El cirujano regenerador

Eduardo Anitua, reconocido por su labor investigadora, ha revolucionado el mundo de la cirugía desde el respeto a las células

Vitoria
EDUARDO ANITUA es director del BTI Biotechnology Institute, recibió el pasado 10 de abril el premio Príncipe Felipe a la excelencia empresarial en innovación tecnológica. Era el reconocimiento a una labor investigadora que comenzó hace 18 años, cuando este doctor en Medicina y Cirugía decidió apostar por una cirugía que mimara las células y sus posibilidades para regenerar los tejidos dañados, frente a la tradicional práctica del corte y la sutura. En este tiempo, Anitua y su equipo se han convertido en un referente mundial de la implantología oral, y los avances e investigaciones que desarrollan en el ámbito de la regeneración de tejidos se perfilan como claves en la medicina del futuro.

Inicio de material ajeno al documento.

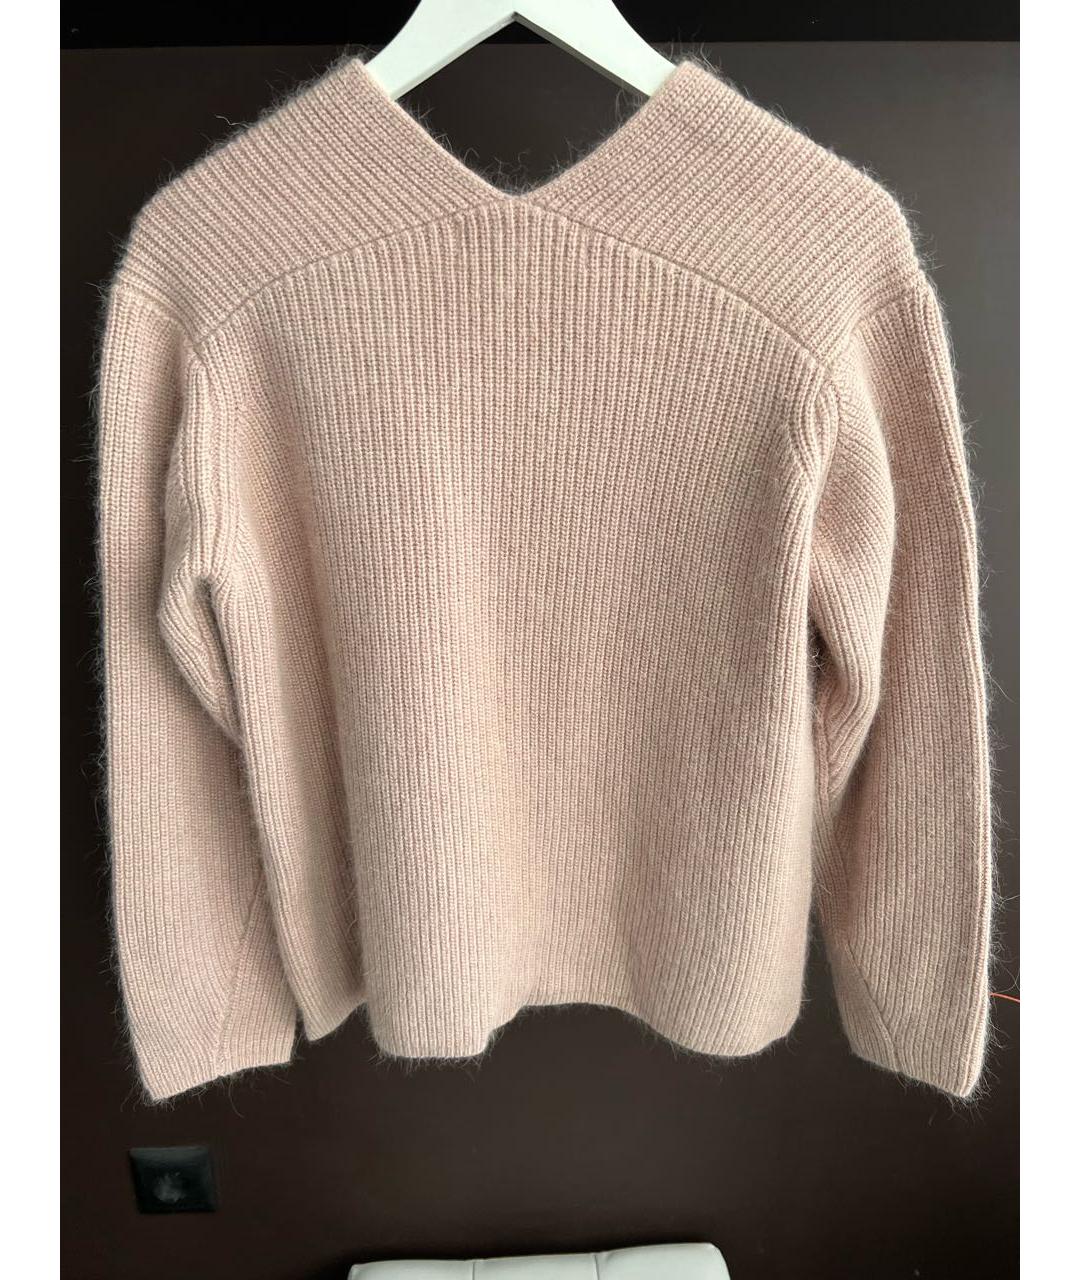 12 STOREEZ Розовый шерстяной джемпер / свитер, фото 2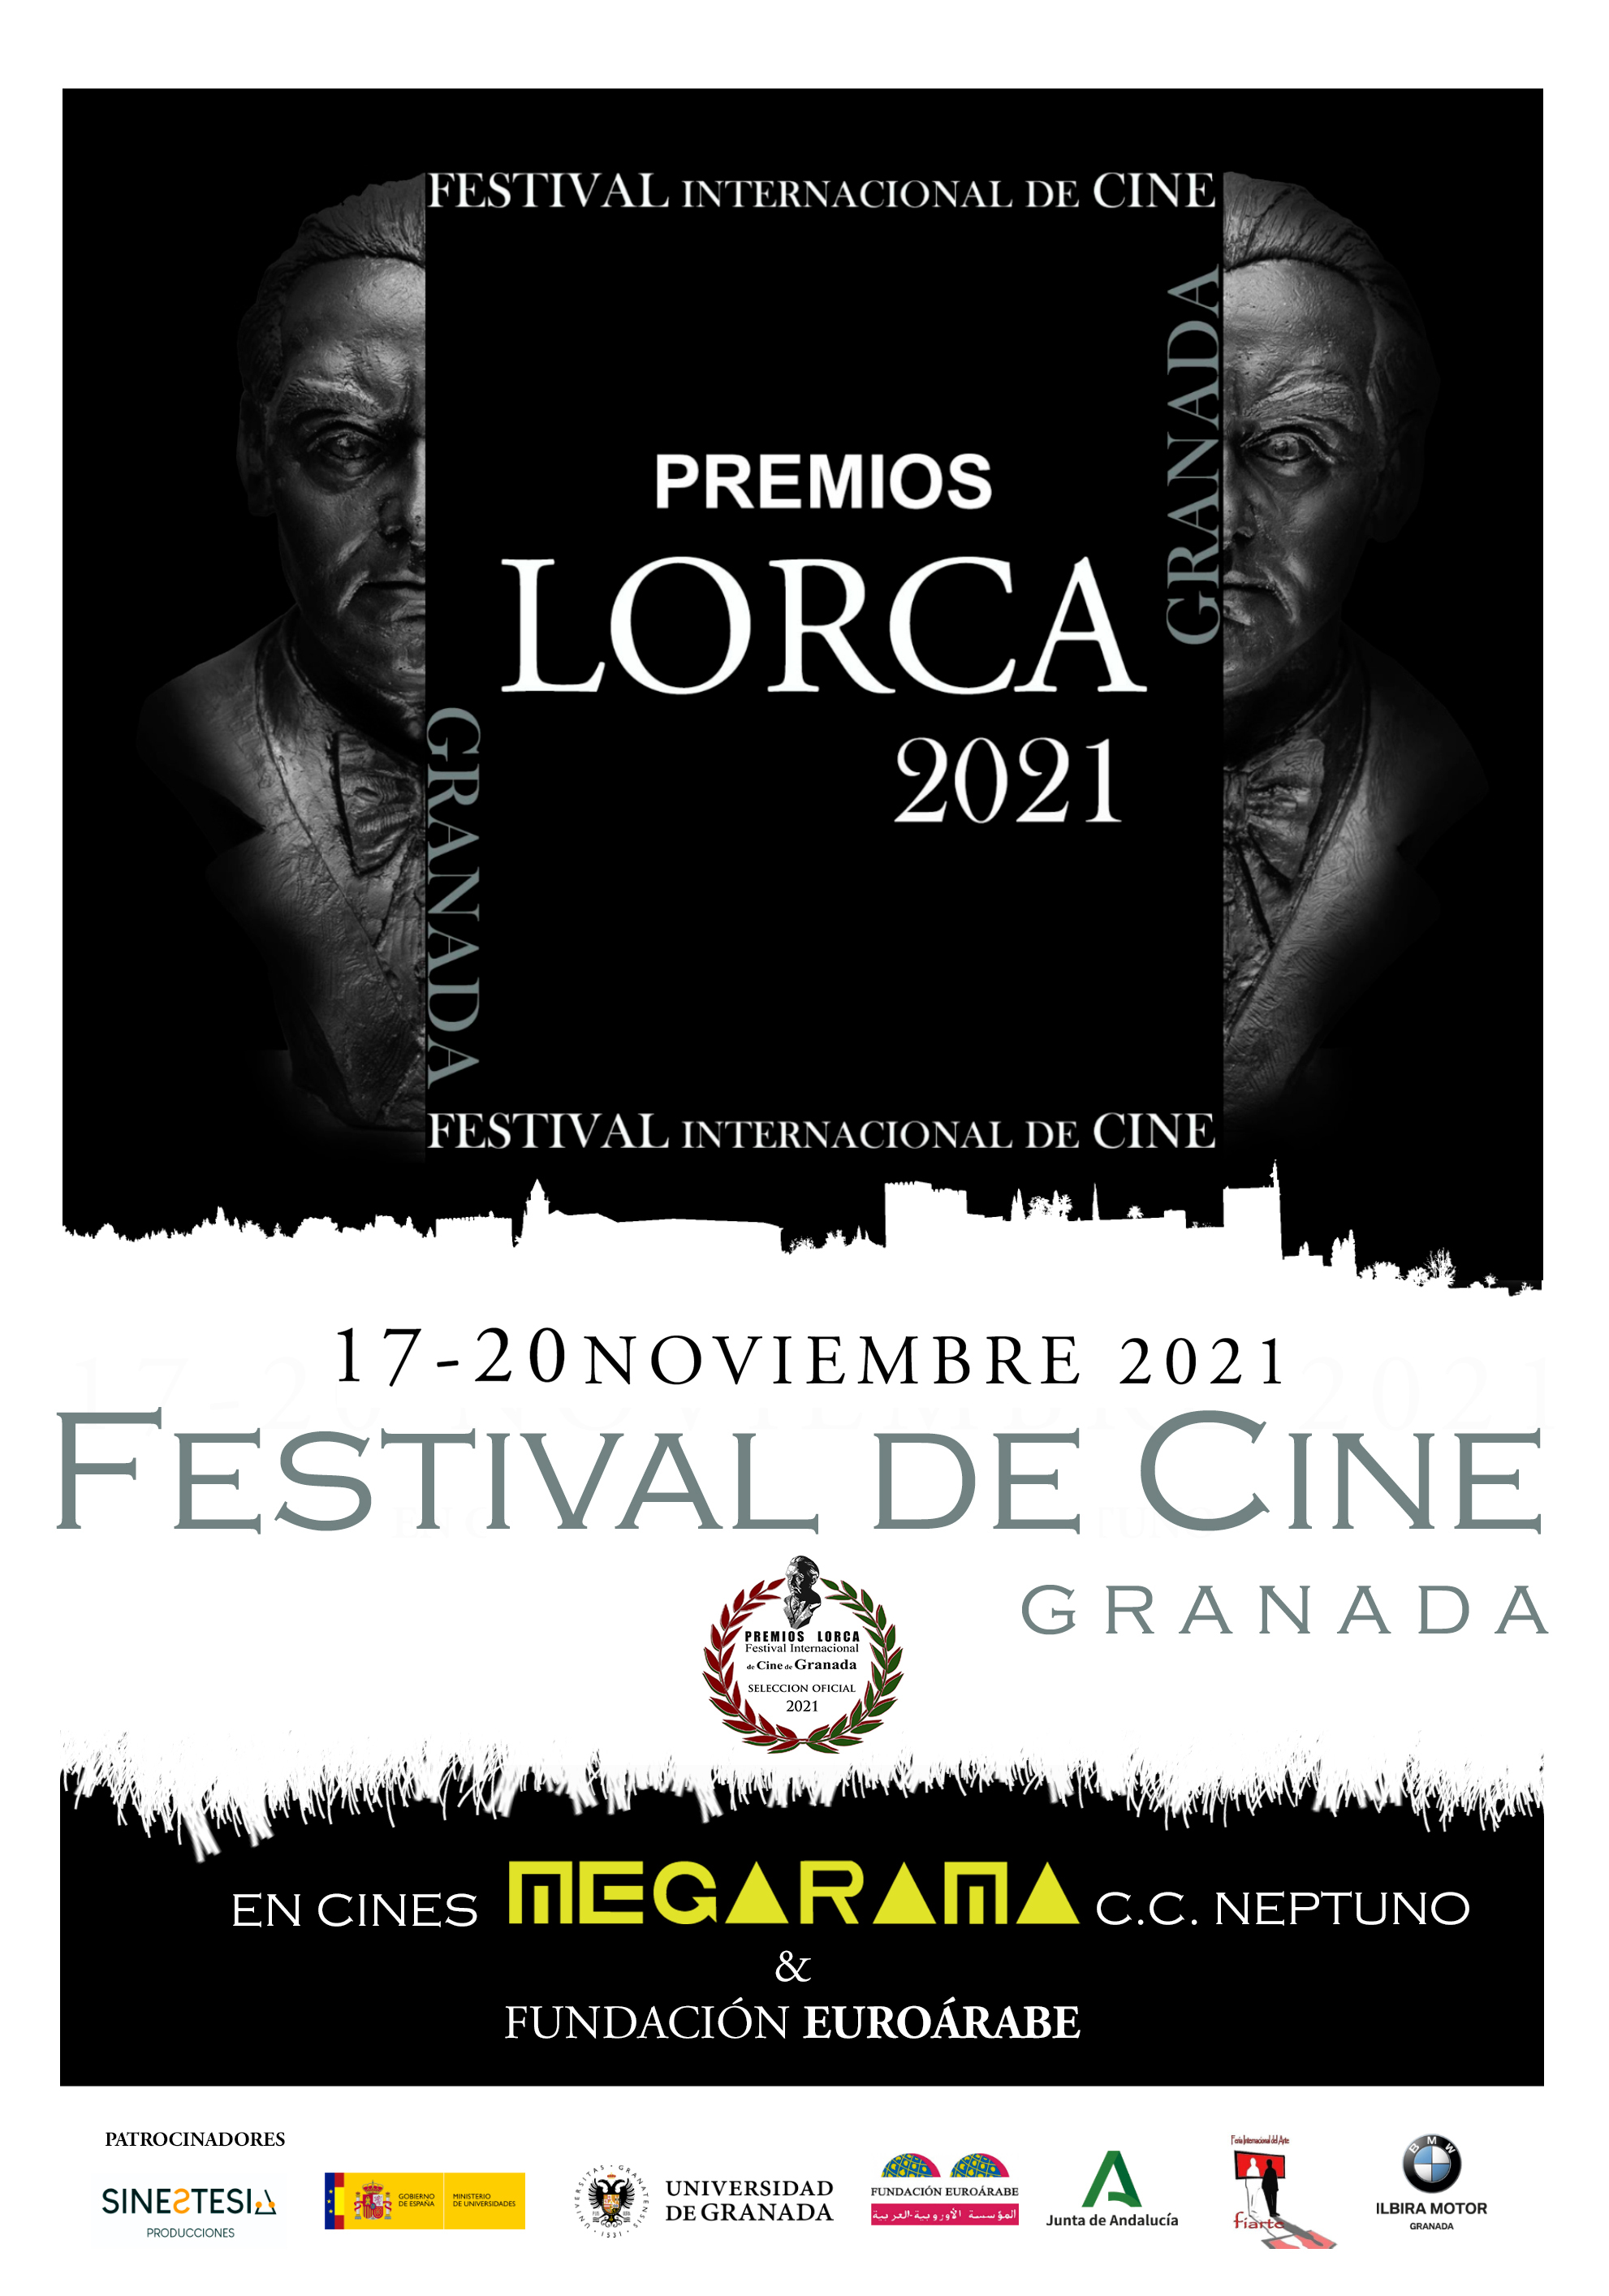 El Festival Internacional de Cine Premios Lorca de Granada celebrará su segunda edición del 17 al 20 de noviembre

Mientras atiende al periodista en su consulta de la capital alavesa, Eduardo Anitua Aldecoa (Vitoria, 1956) no deja de recibir las demandas de sus colaboradores, que le reclaman su opinión sobre los pacientes que llegan en busca de una solución para sus dolencias. Decidió ser médico porque siempre le había preocupado el dolor y la necesidad de aliviarlo de la mejor manera. Sobre su mesa de trabajo, el libro Piensa bien y acertarás, de Eugenio Ibarzabal, que supone una declaración de principios por parte del personaje. "Yo soy de los que creen que los pensamientos positivos son imprescindibles en esta vida", señala.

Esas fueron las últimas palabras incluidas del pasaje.